Is a Debtor’s Obligation to Pay One-Half of Child’s College Expenses was Not a “Super Dischargeable” Support Obligation?

No.

In In re Larson-Asplund, 519 B.R. 682 (Bankr. E.D. Mich., Oct. 8, 2014), Chief Bankruptcy Judge Phillip J. Shefferly held that the Chapter 13 debtor was not judicially estopped from asserting that his obligation, under the terms of a consent judgment entered in the debtor’s earlier divorce case, to pay one-half of his children’s college expenses was not in the nature of a support obligation, although the debtor had claimed during the state-court proceedings that the obligation was in the nature of support, where the debtor was unsuccessful in the state-court proceedings. Judicial estoppel applies only where the prior court adopted the debtor’s contrary position.

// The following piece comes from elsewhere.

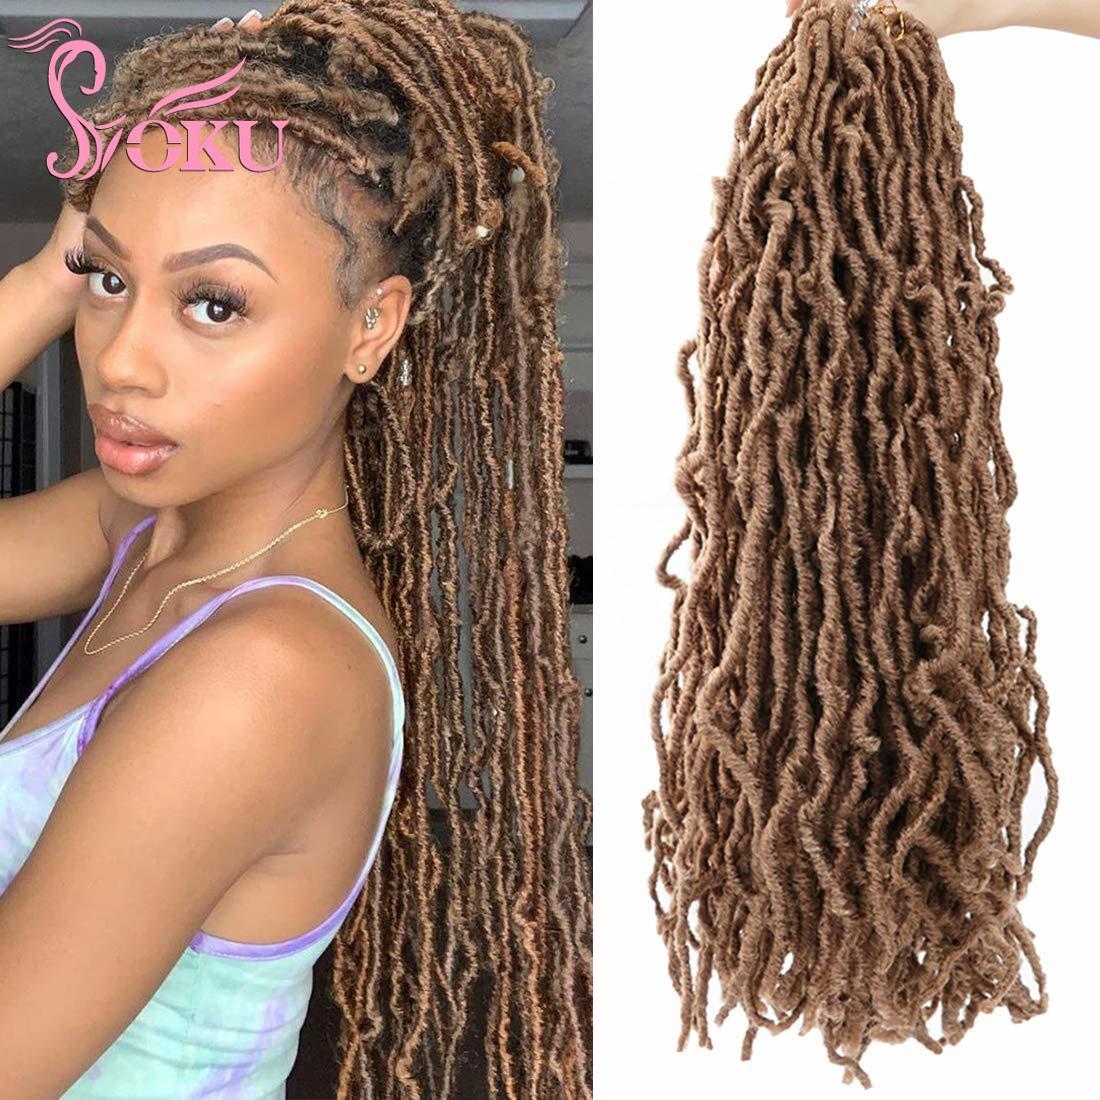 AliExpress - New Curly Faux Locs Crochet Braid Hair Synthetic Braids Pre Looped Braiding Hair Extensions SOKU Soft Wavy Small Dreadlocks

Under In re Sorah, 163 F.3d 397 (6th Cir. 1998), a bankruptcy court, in determining whether a debtor’s obligation is in the nature of support, is to look to traditional state law indicia that are consistent with support obligations. These include, but are not limited to, (1) a label such as alimony, support, or maintenance in the decree or agreement; (2) a direct payment to the former spouse, as opposed to the assumption of a third-party debt; and (3) payments that are contingent upon such events as death, remarriage, or eligibility for Social Security benefits. An award that is designated as support by the state court and has these indicia of support should be conclusively presumed to be a support obligation by the bankruptcy court. These factors continue to apply under BAPCPA. In re Rugiero, 502 Fed. Appx. 436 (6th Cir. 2012).

The debtor’s obligation, under the terms of a consent judgment entered in the debtor’s earlier divorce case, to pay one-half of his children’s college expenses was not in the nature of a child support obligation, as the provision establishing the debtor’s obligation in the consent judgment did not bear all three of the traditional state law indicia of support set forth in In re Sorah, 163 F.3d 397 (6th Cir. 1998). Moreover, a review of the evidence beyond the three traditional state law indicia confirmed that the debtor’s obligation was not in the nature of support.